International Archives of Photogrammetry and Remote Sensing, Vol. 32, Part 7-4-3 W6, Valladolid, Spain, 3-4 June, 1999 
Int 
2 
DEFINITIONS AND TERMS OF REFERENCE IN DATA FUSION 
L. Wald 
Groupe Télédétection & Modélisation, Ecole des Mines de Paris, BP 207, 06904 Sophia Antipolis cedex, France, 
lucien. ■wald @ cenerg .cma.fr 
KEYWORDS: Remote sensing, concept, alignment of information. 
ABSTRACT 
The concept of data fusion is easy to understand. However its exact meaning varies from one scientist to another. A working group, 
set up by the European Association of Remote Sensing Laboratories (EARSeL) and the French Society for Electricity and 
Electronics (SEE, French affiliate of the IEEE), devoted most of its efforts to establish a lexicon or terms of reference, which is 
presented in this communication. A new definition of the data fusion is proposed which better fits the remote sensing domain. Data 
fusion should be seen as a framework, not merely as a collection of tools and means. This definition emphasizes the concepts and the 
fundamentals in remote sensing. The establishment of a lexicon or terms of reference allows the scientific community to express the 
same ideas using the same words, and also to disseminate their knowledge towards the industry and 'customers' communities. 
Moreover it is a sine qua non condition to set up clearly the concept of data fusion and the associated formal framework. Such a 
framework is mandatory for a better understanding of data fusion fundamentals and of its properties. It allows a better description 
and formalization of the potentials of synergy between the remote sensing data, and accordingly, a better exploitation of these data. 
Finally, the introduction of the concept of data fusion into the remote sensing domain should raise the awareness of our colleagues 
on the whole chain ranging from the sensor to the decision, including the management, assessment and control of the quality of the 
information. The problem of alignment of the information to be fused is very difficult to tackle. It is a pre-requisite to any fusion 
process and should be considered with great care. 
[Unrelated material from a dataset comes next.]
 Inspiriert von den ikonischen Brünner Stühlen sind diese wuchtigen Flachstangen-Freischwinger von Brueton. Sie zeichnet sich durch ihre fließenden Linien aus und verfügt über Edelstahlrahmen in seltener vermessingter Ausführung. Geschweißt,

1. THE NEED FOR CONCEPT AND TERMS OF 
REFERENCE 
The concept of data fusion is easy to understand. However its 
exact meaning varies from one scientist to another. Several 
words have appeared, such as merging, combination, synergy, 
integration, etc. All of them appeal more or less to the same 
concept but are however felt differently. Several times, the 
word « fusion » is used while « classification » would be more 
appropriate, given the contents of the publication. There is a 
need for terms of reference in the remote sensing community, 
which has been strongly expressed in several meetings. A 
working group, set up by the European Association of Remote 
Sensing Laboratories (EARSeL) and the French Society for 
Electricity and Electronics (SEE, French affiliate of the IEEE), 
devoted most of its efforts to establish a lexicon or terms of 
reference, which is presented in this article. 
This is not the only attempt to set up definitions in data fusion. 
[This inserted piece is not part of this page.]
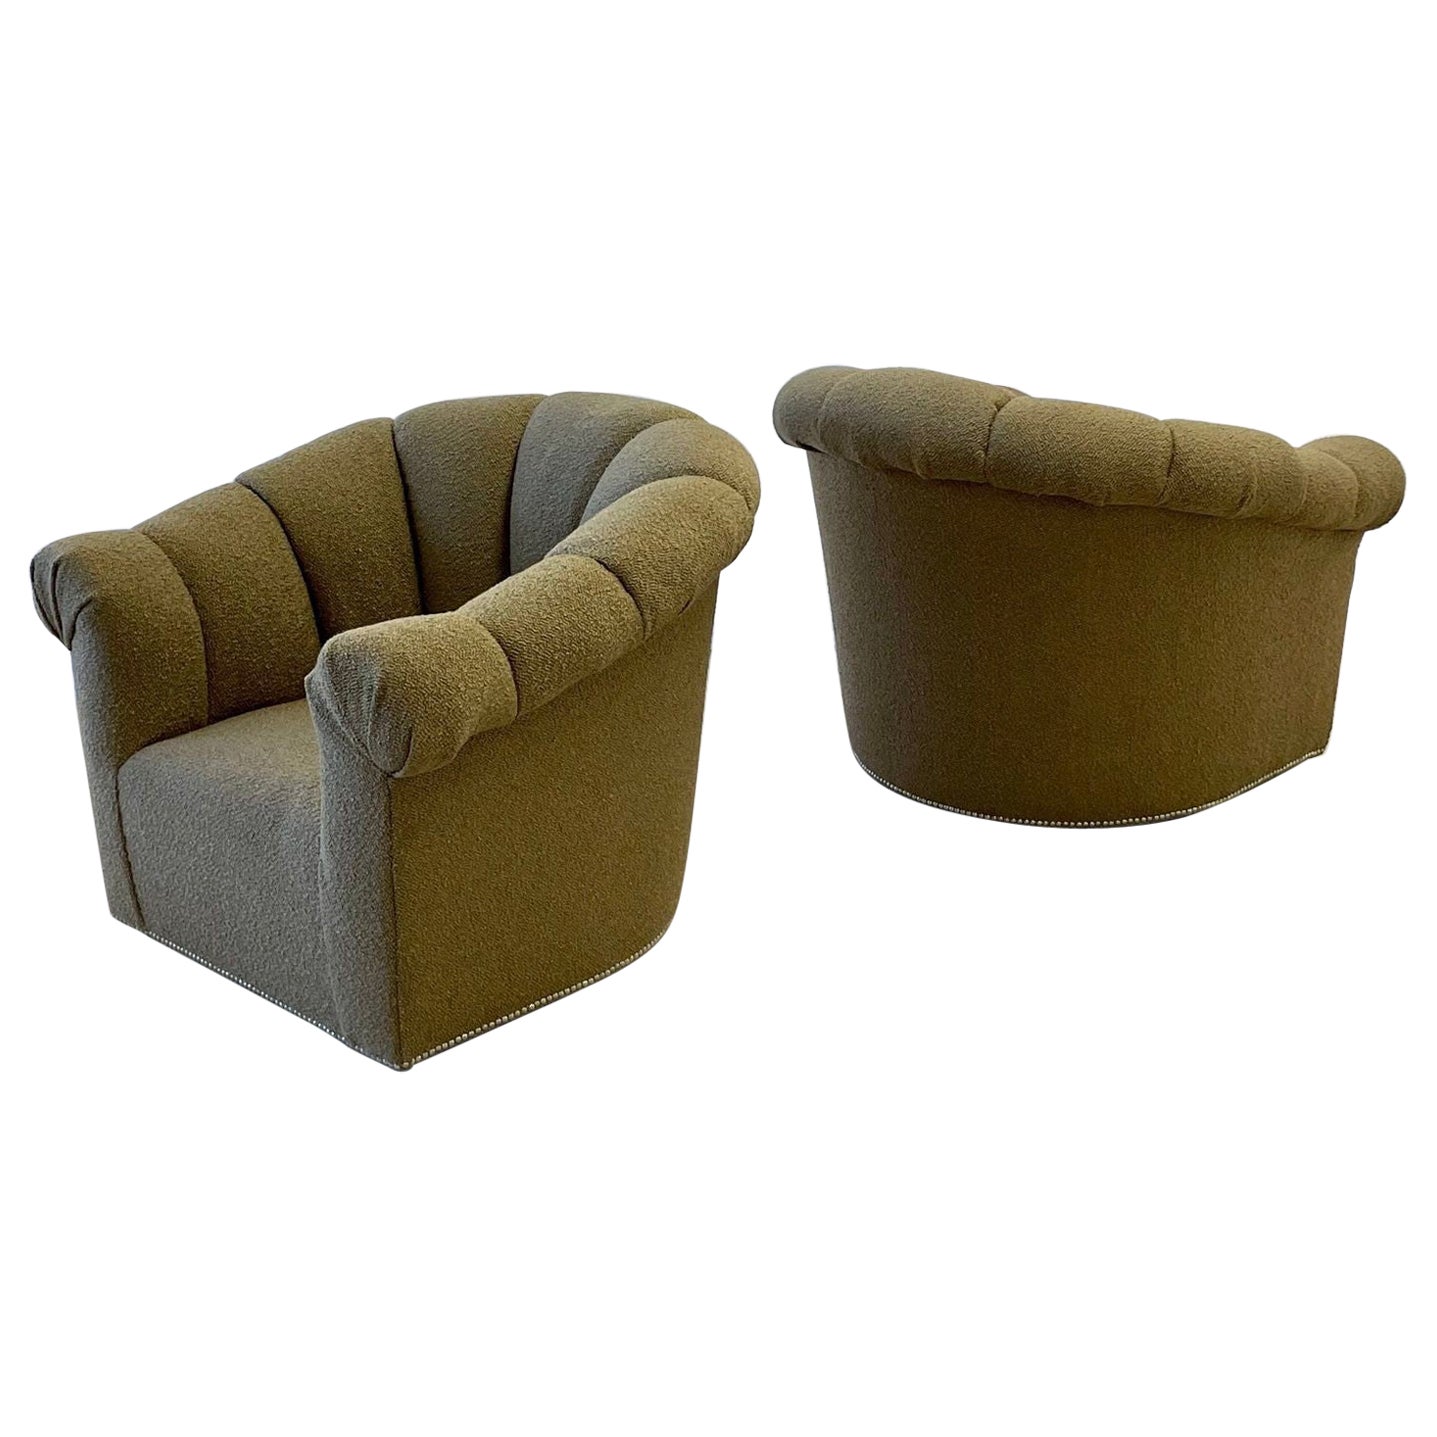 Paire de fauteuils pivotants / chaises longues / chaises tubulaires Boucle de Karl Springer, de style moderne du milieu du siècle dernier

The remote sensing community should not establish terms 
which are also used elsewhere with different meanings. 
Therefore, whenever possible, definitions were adopted which 
are already widely used in the broad scientific community, 
especially that dealing with information. Examples of such 
terms are image, features, symbols, etc. 
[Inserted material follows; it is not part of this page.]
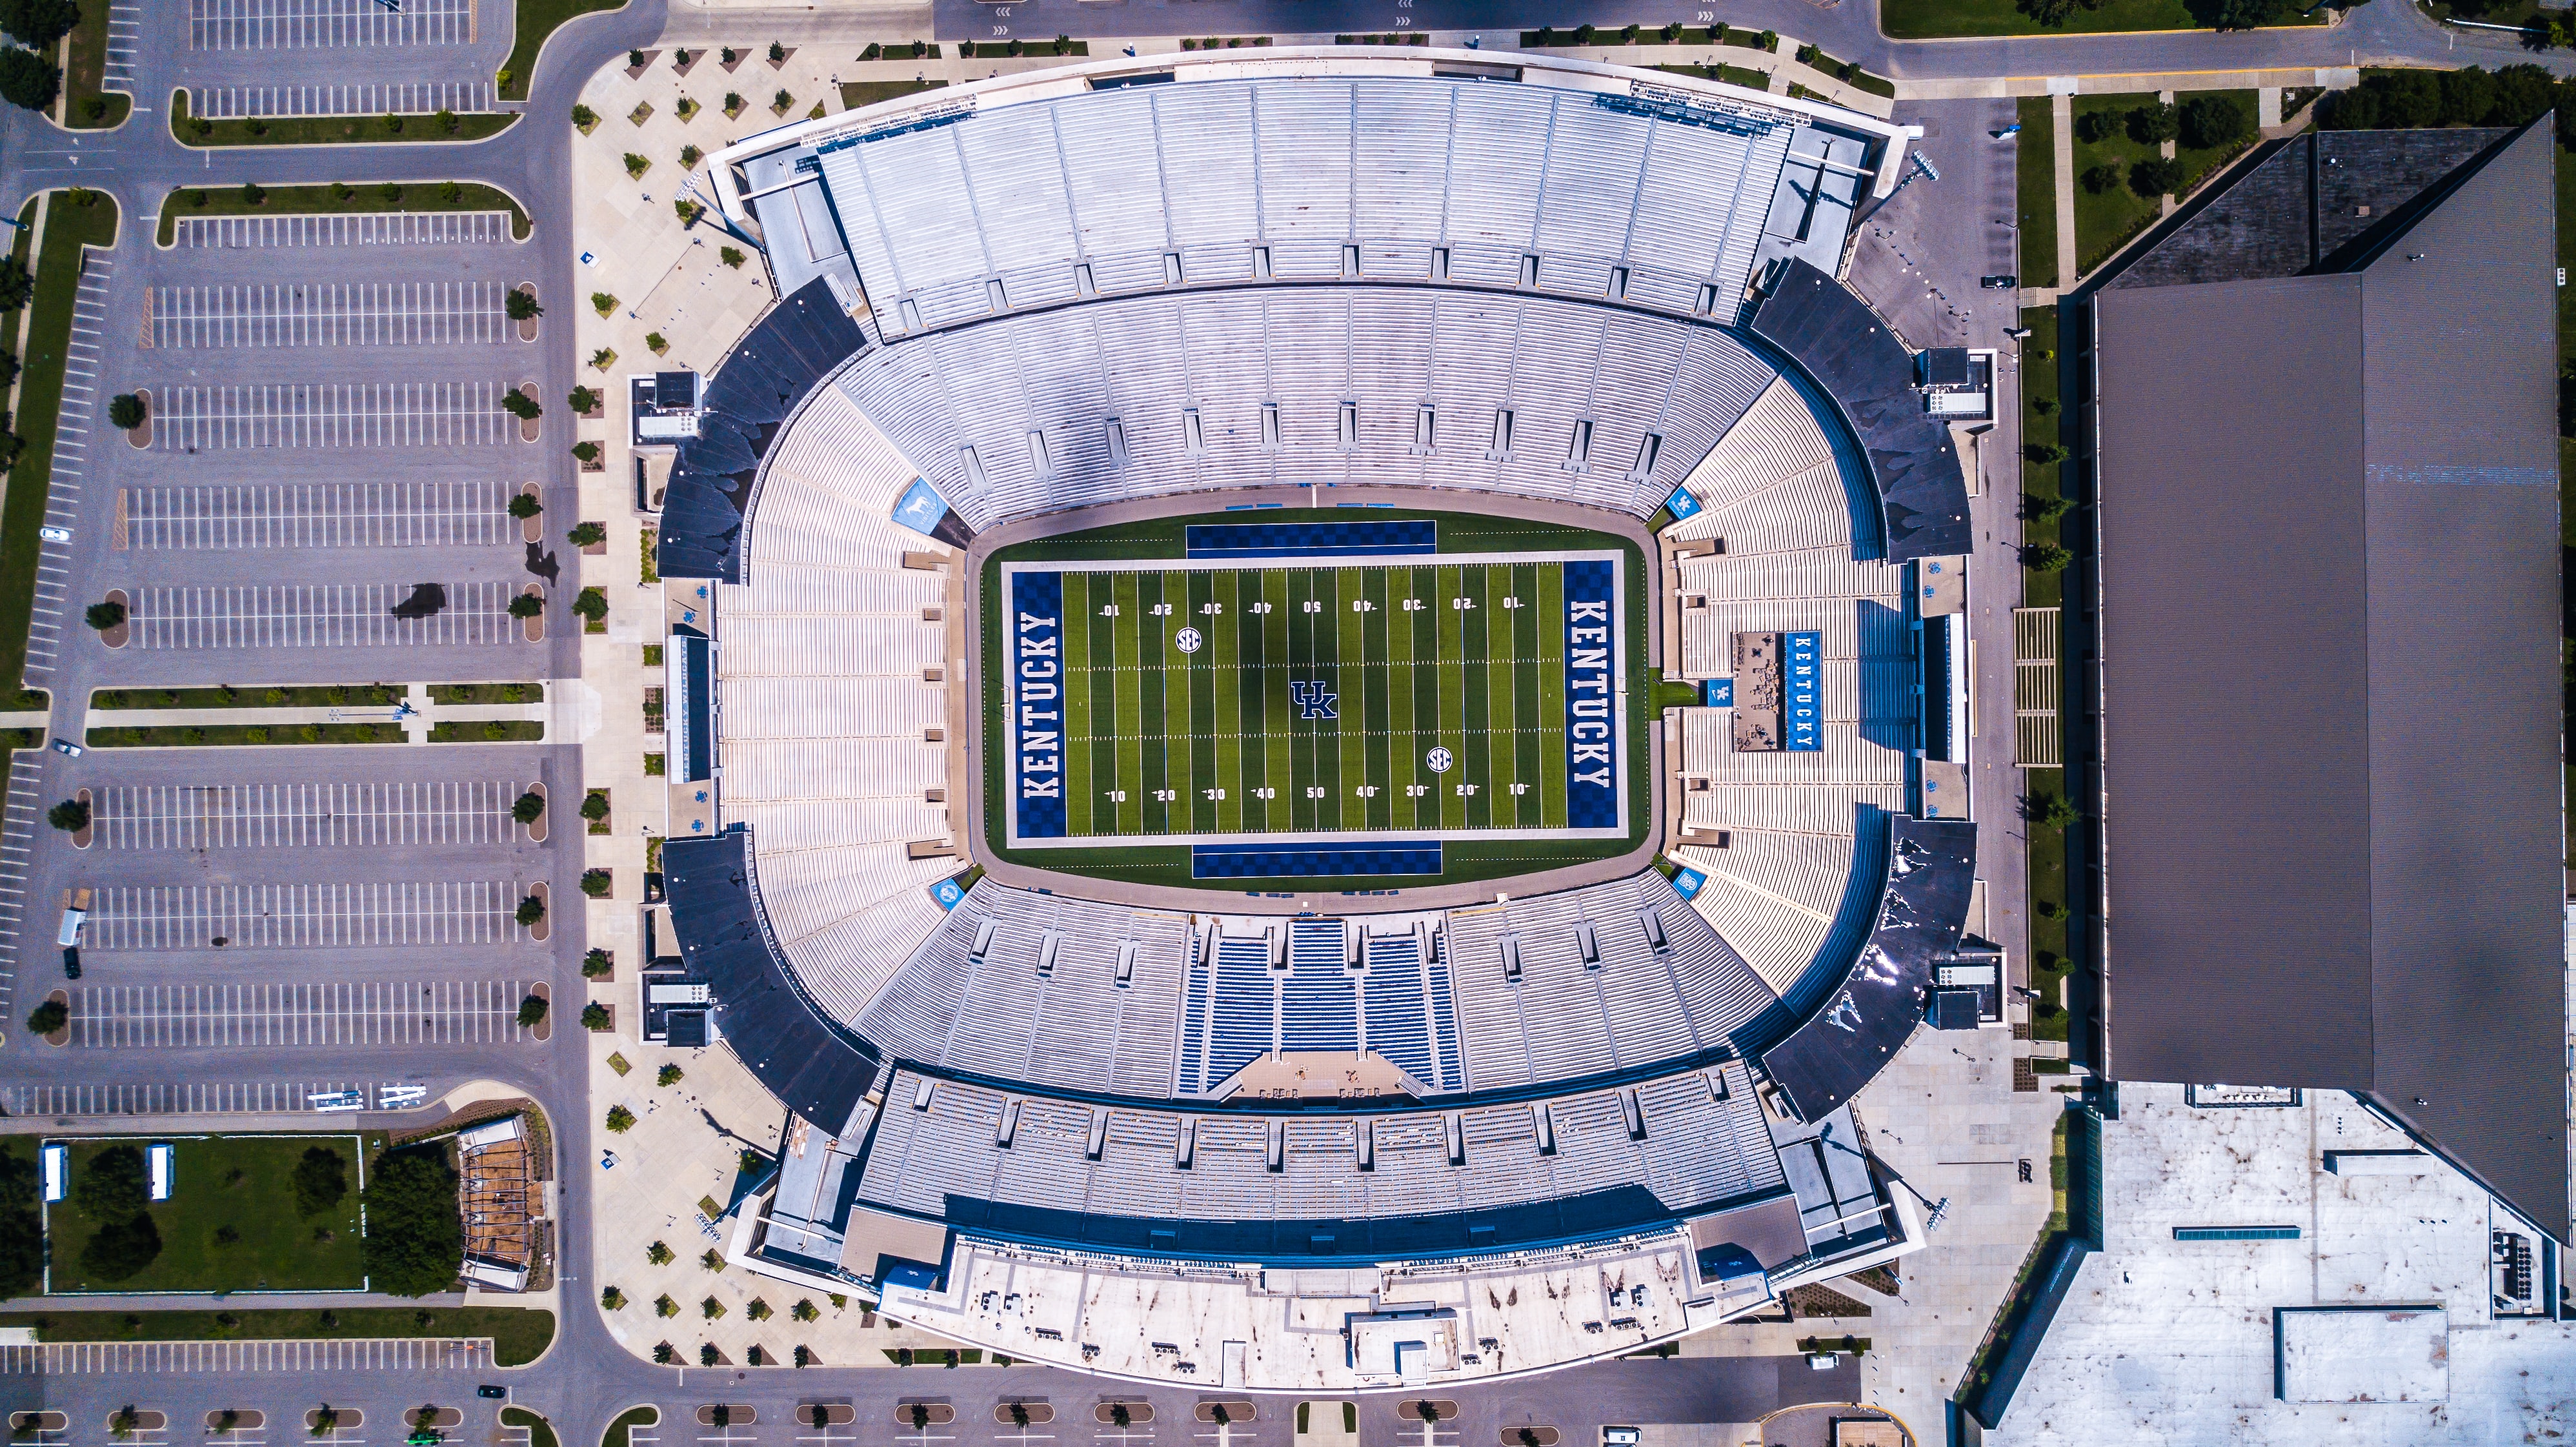 University of Kentucky Football Stadium

Several lexicons have been already set up which have been 
established in the framework of the Defence domain (e.g., US 
Department of Defence, 1991, DSTO, 1994). It was found that 
it is not easy to translate military terms in meaningful words for 
the scientific community dealing with Earth observation: this 
would imply a refinement of the military terms to expand their 
meaning, with a reference to the time-space scales. It was 
concluded that using an existing lexicon is not straightforward, 
and that a new one is required to tackle the specific needs of 
our community. However, we should benefit from this previous 
work as much as possible, and, whenever possible, we should 
use the terms already adopted. 
2. A DEFINITION OF DATA FUSION 
Data fusion means a very wide domain and it is very difficult to 
provide a precise definition. This large domain cannot be 
simply defined by restricting it, for example, to specific 
wavelengths, or specific acquisition means, or specific 
applications. A fusion process may call upon so many different 
mathematical tools that it is also impossible to define fusion by 
these tools. 
Several definitions can be found in the literature: Hall, Llinas 
(1997), Klein (1993), Li et al. (1993), Mangolini (1994), Pohl 
and van Genderen (1998), US Department of Defence (1991). 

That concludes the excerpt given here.